• **WHAT YOU HAVE TO DO**: For the entries below, print exactly the lines between the line holding "Disney's König der" and the line holding "Na scenie pięć", inclusive, and nothing else.

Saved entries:
◆ ◆ ◆ ◆ ◆ ◆ ◆

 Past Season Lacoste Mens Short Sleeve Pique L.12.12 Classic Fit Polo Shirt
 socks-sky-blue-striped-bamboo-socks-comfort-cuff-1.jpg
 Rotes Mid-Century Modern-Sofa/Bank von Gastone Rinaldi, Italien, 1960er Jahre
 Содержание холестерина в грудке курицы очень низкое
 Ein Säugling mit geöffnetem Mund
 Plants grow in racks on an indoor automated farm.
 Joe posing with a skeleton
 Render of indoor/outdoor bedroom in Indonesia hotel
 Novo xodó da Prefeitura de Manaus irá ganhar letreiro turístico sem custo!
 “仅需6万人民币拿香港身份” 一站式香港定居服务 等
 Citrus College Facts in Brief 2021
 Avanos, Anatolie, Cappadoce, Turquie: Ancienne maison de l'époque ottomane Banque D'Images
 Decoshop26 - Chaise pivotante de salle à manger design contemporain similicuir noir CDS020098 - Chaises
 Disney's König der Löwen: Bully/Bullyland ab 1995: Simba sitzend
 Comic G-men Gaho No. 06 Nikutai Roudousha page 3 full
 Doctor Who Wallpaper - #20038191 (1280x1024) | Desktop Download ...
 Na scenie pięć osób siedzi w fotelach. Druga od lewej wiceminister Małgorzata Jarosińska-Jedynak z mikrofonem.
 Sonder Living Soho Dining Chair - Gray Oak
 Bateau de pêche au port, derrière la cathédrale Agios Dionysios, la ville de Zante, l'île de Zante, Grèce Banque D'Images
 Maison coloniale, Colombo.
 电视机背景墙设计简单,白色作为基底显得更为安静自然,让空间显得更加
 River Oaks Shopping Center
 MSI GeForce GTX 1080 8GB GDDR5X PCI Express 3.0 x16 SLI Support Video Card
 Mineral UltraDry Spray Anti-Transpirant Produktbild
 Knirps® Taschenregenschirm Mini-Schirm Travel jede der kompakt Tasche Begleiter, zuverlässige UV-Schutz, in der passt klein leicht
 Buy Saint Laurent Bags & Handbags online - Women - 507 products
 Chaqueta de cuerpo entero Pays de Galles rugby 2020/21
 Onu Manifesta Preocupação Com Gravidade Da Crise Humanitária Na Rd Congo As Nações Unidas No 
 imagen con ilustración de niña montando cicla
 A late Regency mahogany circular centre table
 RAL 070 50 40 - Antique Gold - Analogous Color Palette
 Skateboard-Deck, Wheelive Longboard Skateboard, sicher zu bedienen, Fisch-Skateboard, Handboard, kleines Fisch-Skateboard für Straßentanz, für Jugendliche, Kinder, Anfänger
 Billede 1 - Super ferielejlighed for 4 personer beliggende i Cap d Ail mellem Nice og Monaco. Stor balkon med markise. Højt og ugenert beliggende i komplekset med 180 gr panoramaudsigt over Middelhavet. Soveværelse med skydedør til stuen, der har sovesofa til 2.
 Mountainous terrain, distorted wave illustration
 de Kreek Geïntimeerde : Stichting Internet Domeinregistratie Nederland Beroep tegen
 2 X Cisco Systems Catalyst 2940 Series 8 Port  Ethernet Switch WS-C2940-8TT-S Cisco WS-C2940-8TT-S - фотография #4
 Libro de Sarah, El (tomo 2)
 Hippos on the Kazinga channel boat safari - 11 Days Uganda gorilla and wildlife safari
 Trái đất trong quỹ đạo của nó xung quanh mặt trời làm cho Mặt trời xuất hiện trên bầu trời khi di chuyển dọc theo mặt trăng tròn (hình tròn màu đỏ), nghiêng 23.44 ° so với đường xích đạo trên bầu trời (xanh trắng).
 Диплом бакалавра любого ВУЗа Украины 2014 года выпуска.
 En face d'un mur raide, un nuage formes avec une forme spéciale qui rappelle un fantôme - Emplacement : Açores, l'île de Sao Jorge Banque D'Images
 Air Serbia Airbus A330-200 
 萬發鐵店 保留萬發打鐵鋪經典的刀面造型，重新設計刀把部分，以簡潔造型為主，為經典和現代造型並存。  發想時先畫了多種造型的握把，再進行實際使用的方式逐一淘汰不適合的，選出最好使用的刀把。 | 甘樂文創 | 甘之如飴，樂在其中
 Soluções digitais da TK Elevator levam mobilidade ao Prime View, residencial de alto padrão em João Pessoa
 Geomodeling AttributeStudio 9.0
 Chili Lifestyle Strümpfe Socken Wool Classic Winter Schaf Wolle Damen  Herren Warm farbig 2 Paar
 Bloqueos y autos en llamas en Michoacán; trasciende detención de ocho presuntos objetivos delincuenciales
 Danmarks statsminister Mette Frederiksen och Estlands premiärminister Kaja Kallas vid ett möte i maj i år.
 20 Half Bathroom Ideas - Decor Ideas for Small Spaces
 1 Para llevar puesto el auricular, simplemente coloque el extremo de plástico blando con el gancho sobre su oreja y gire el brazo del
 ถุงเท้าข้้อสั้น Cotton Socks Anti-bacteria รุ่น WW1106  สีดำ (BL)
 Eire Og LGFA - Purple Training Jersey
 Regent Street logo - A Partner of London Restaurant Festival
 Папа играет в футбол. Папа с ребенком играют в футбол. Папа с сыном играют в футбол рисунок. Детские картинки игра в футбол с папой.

◆ ◆ ◆ ◆ ◆ ◆ ◆

• **EXPECTED ANSWER**:
 Disney's König der Löwen: Bully/Bullyland ab 1995: Simba sitzend
 Comic G-men Gaho No. 06 Nikutai Roudousha page 3 full
 Doctor Who Wallpaper - #20038191 (1280x1024) | Desktop Download ...
 Na scenie pięć osób siedzi w fotelach. Druga od lewej wiceminister Małgorzata Jarosińska-Jedynak z mikrofonem.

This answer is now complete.